Kamala Harris wins her home state of California, CBS News projects
Vice President Kamala Harris has won her home state of California, CBS News projects, handily securing the state's 54 electoral votes, the most of any state.
If elected president, Harris would notch several firsts, becoming the first woman president, and the first Black and South Asian woman to be elected president in U.S. history, capping a a political trajectory that began in the San Francisco Bay Area.
Harris was born in Oakland and went to school in Berkeley before attending high school in Montreal, Canada, where her mother worked as a breast cancer researcher. She graduated from Howard University in Washington, D.C., and returned to the Bay Area where she obtained a law degree at UC Hastings College of the Law in San Francisco in 1989.
Her political career began in 1990 when she was hired as a deputy district attorney for Alameda County.

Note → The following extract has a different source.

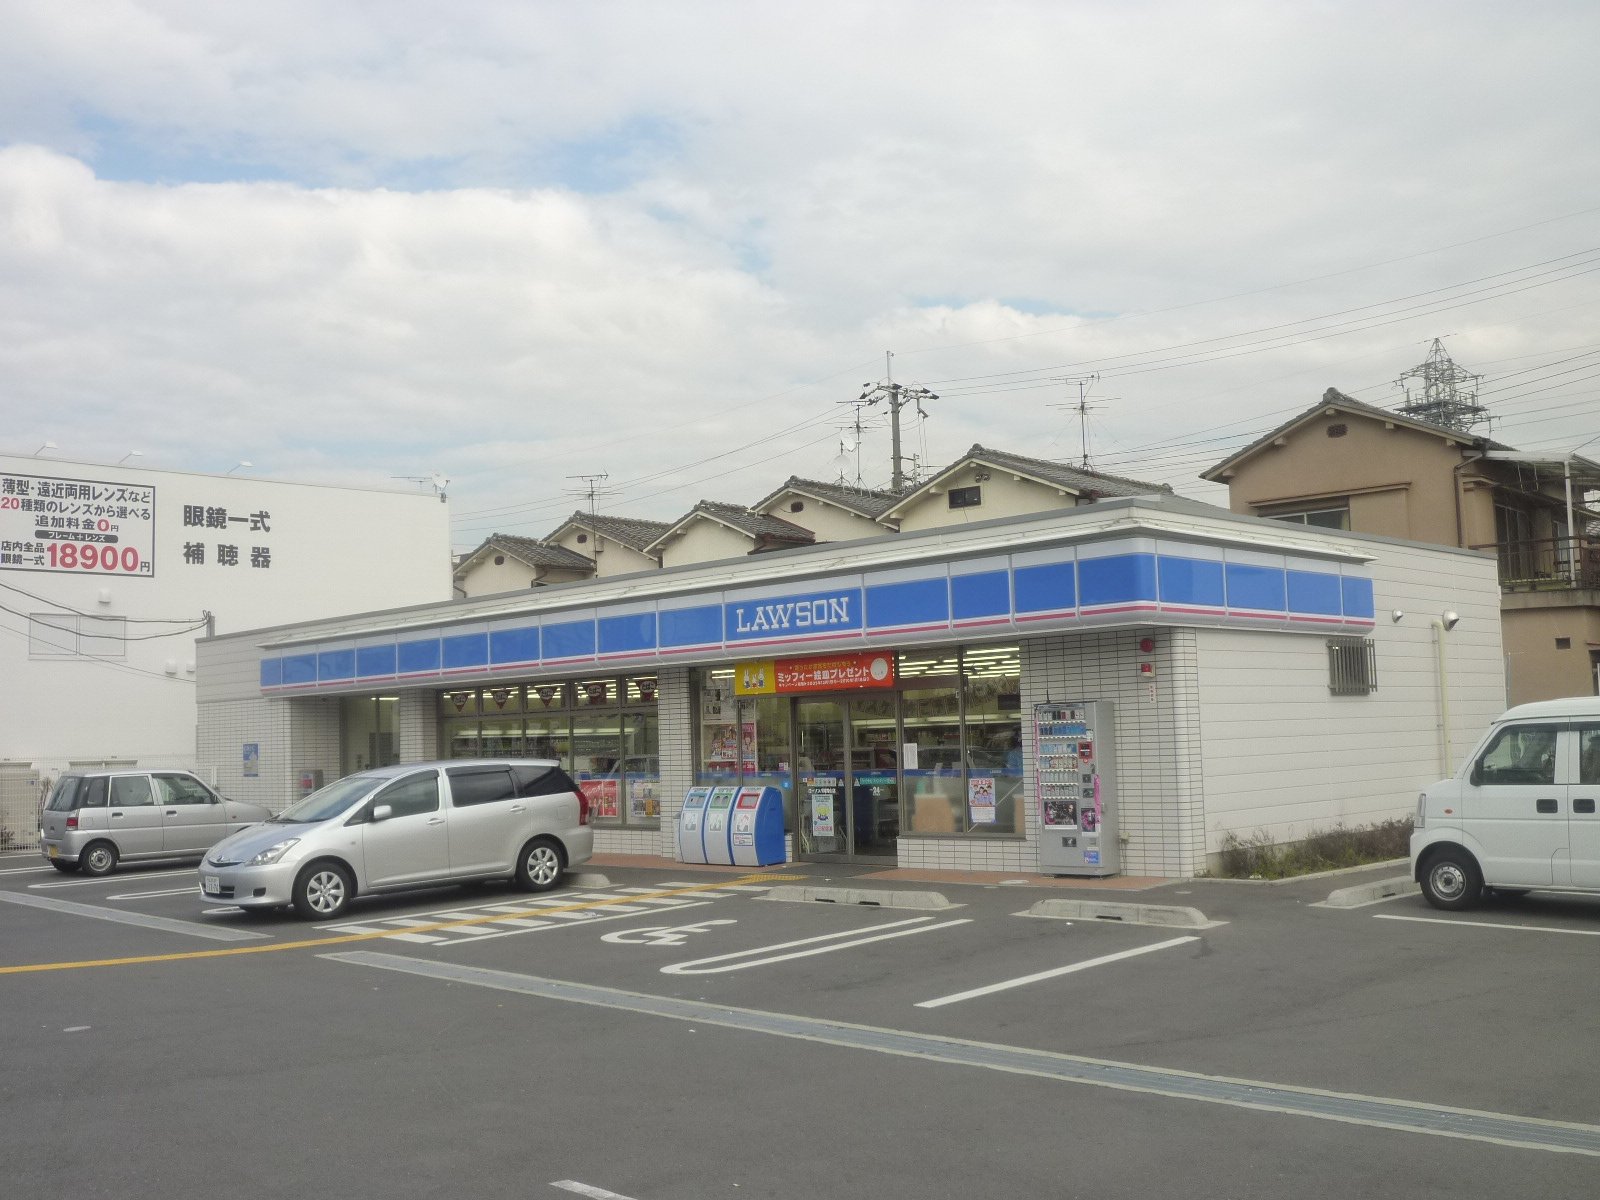 Convenience store. 173m until Lawson Yao Aoyama (convenience store)
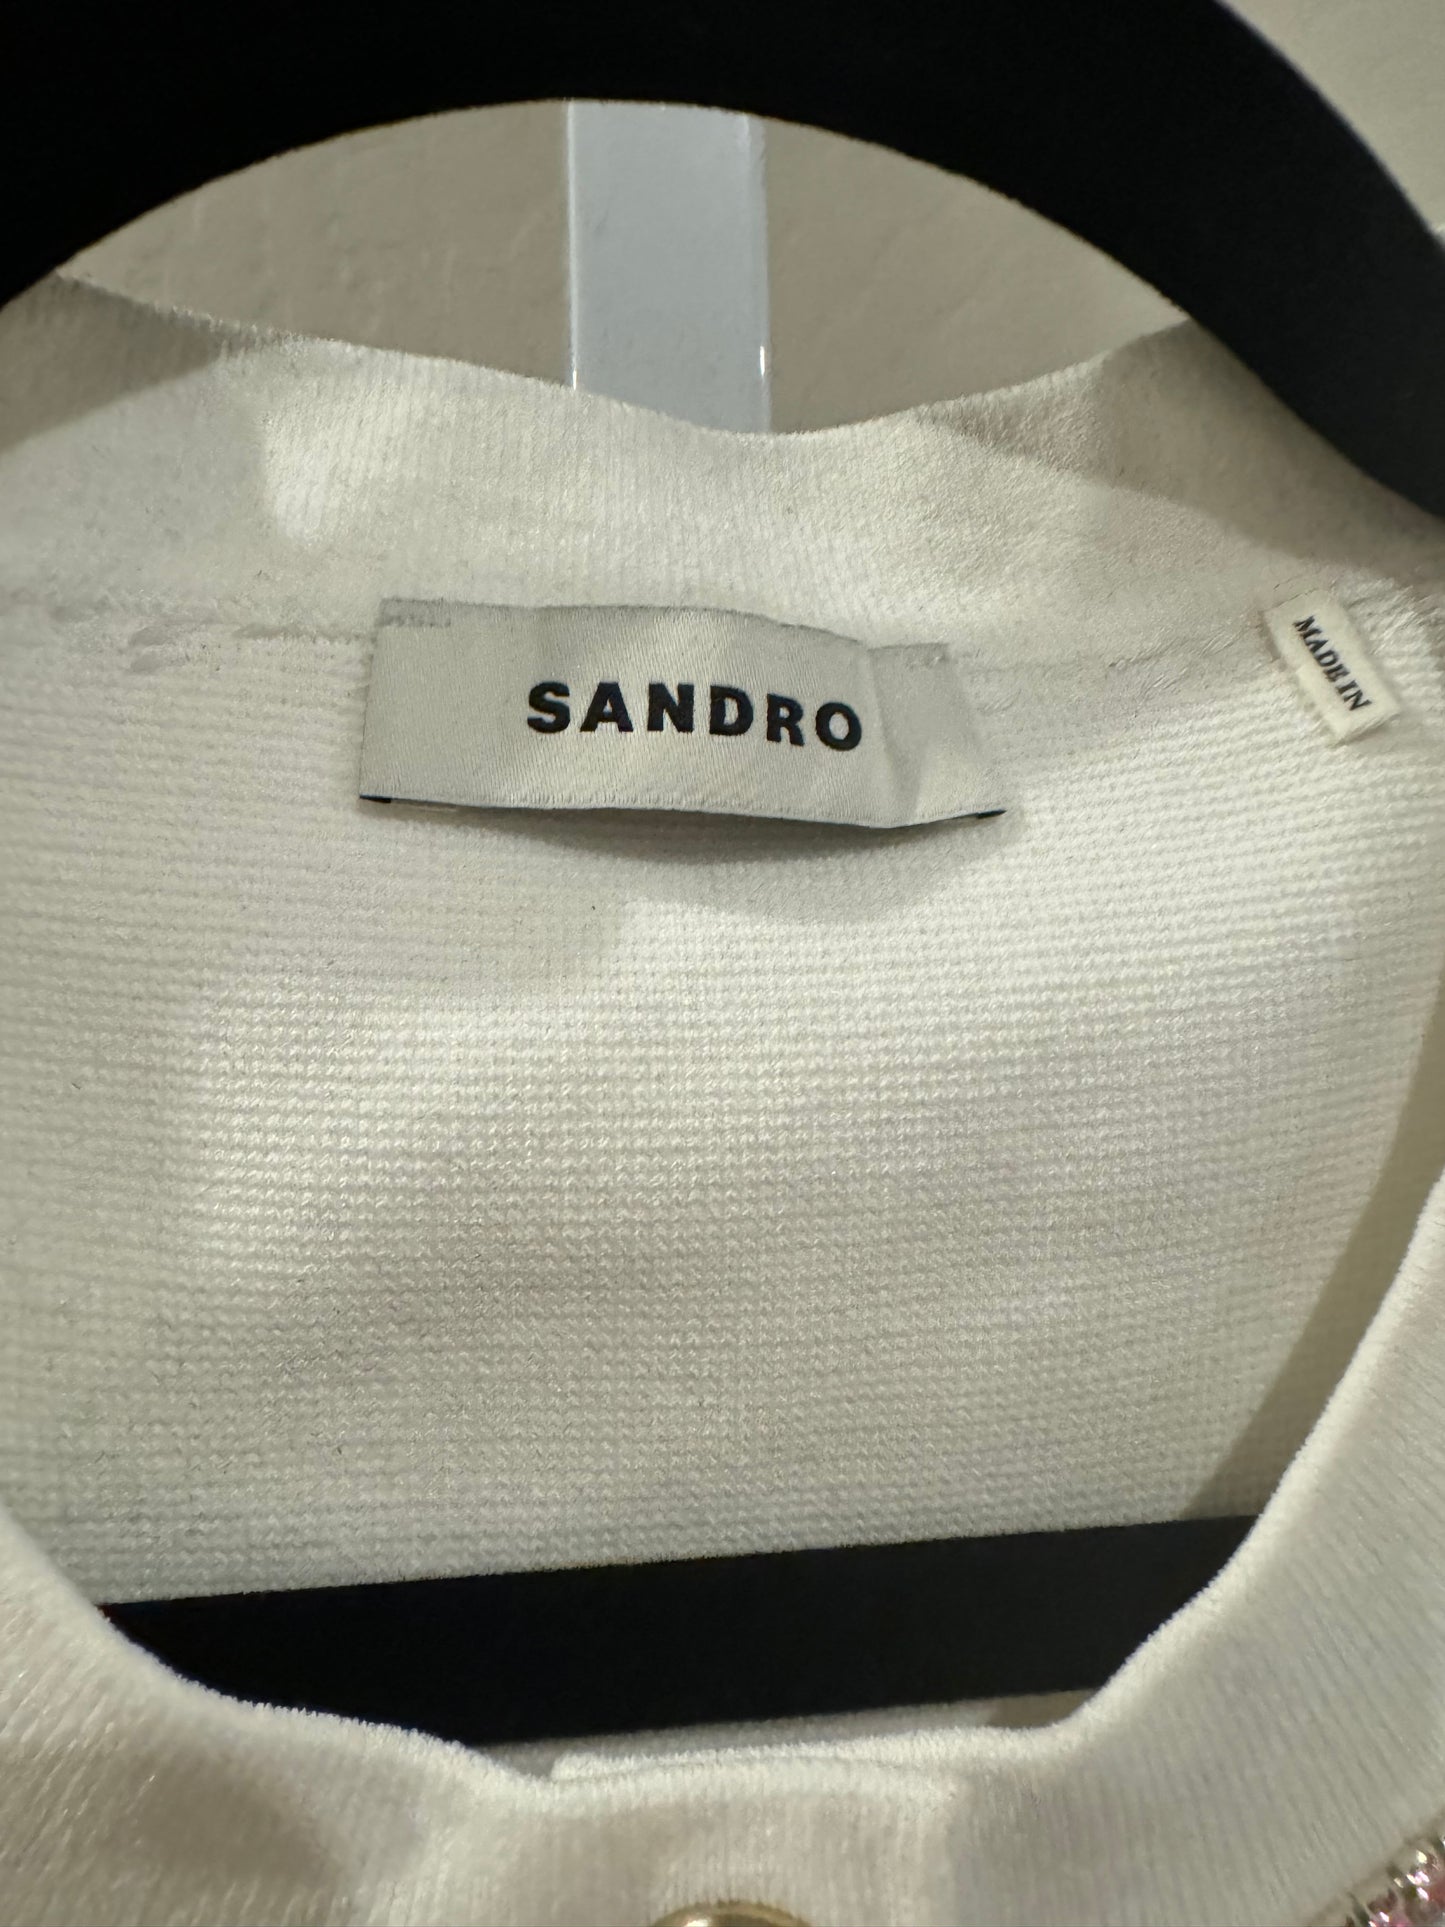 SANDRO Elsa Cropped Cardigan (New) Size: 2/M

In 1998, Harris became assistant district attorney in San Francisco and in 2003, she was elected as district attorney, beating out her former boss and becoming the first person of color elected as the city's top prosecutor.
Harris was elected California's first female, Black and South Asian attorney general in 2010 and won the race for California Senator against former Rep. Loretta Sanchez in 2016. She ran for president briefly in 2020, and was later selected by the eventual Democratic Party nominee Joe Biden to be his running mate.
With Biden's election, Harris became the first Black and Asian American vice president, as well as the highest-ranking female government official in U.S. history.
The last time a Republican presidential candidate won the state of California was in 1988 with the election of George H.W. Bush.